In some embodiments, the inference microservice may include software to perform in-place replacement and/or updating to the machine learning model(s). When replacing or updating, the software that performs the replacement/updating may maintain user configurations of the inference runtime software and enterprise management software.

In some embodiments, the system and methods described herein may be deployed in a talking or smart kiosk application. For example, a kiosk, tablet, smart display, or other device may include one or more onboard processors (e.g., CPUs, GPUs, deep learning accelerators, SoCs) and memory and/or storage (e.g., for storing the model, the image database, etc.). In some embodiments, the kiosk/tablet/display may communicate (e.g., using one or more network interface cards (NICs) and/or data processing units (DPUs)) with one or more locally hosted servers/computing devices and/or with one or more remotely located servers/computing devices (e.g., in one or more data centers). In such examples, the kiosk may communicate with the machine learning model(s) (e.g., STT model, language model, etc.) and/or the image database hosted on the local and/or remote servers using one or more APIs—such as, without limitation, REST APIs.

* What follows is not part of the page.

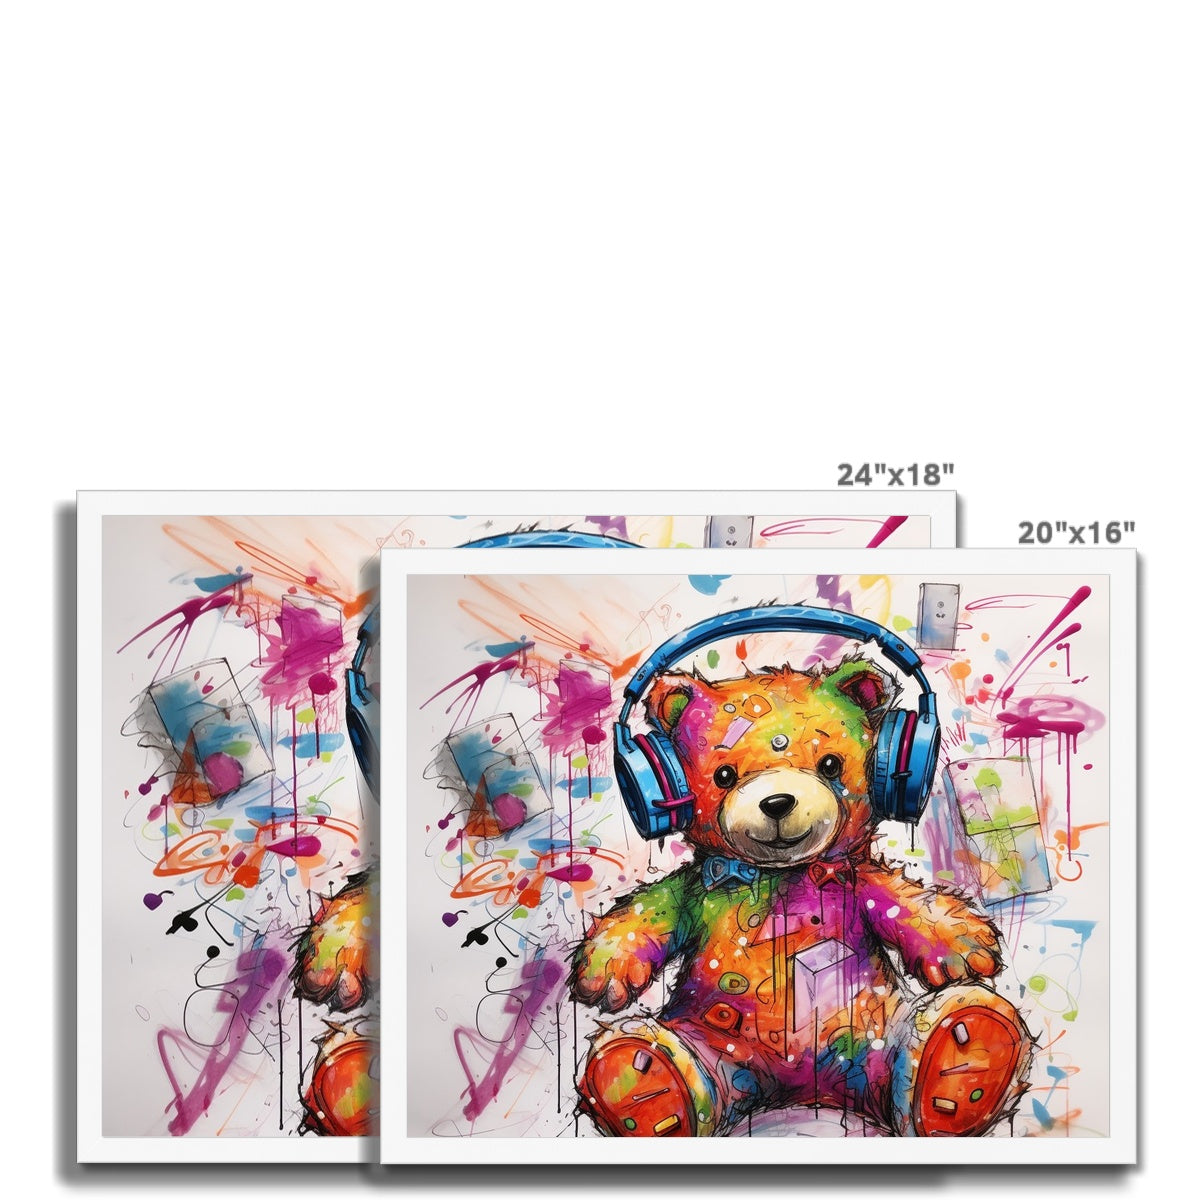 Beats By Teddy: Limited Edition Framed Print

In one or more embodiments, the system and methods described herein may be deployed in a gaming application. For example, a gaming console, PC, tablet, or other gaming device may include one or more onboard and/or remote processors (e.g., CPUs, GPUs, deep learning accelerators, SoCs) and memory and/or storage (e.g., for storing the game model, game assets, player data, etc.). These devices may use one or more machine learning models (e.g., STT models, language models, etc.) to enhance gameplay, generate real-time dynamic content, and personalize user experiences based on in-game behavior or pre-stored player profiles. In some embodiments, the system may be deployed in a cloud gaming environment (e.g., NVIDIA's GeFORCE NOW). In such cases, a client device (e.g., a smart display, tablet, or gaming controller) may be used to interact with the game, while the machine learning model(s) and/or visual rendering may occur on one or more remotely located servers/computing devices (e.g., in one or more data centers). The language model, AI processing, and rendering described herein may operate in the cloud, processing player inputs received from an end-user device(s) (e.g., based on controller, keyboard, mouse, joystick, AR/VR/MR/etc. inputs), generating appropriate in-game responses, rendering the content, and sending or transmitting the content to the end-user device(s). During receiving and/or sending the data to and from the end-user or edge device(s), one or more data processing units (DPUs) and/or network interface cards (NICs) may be used.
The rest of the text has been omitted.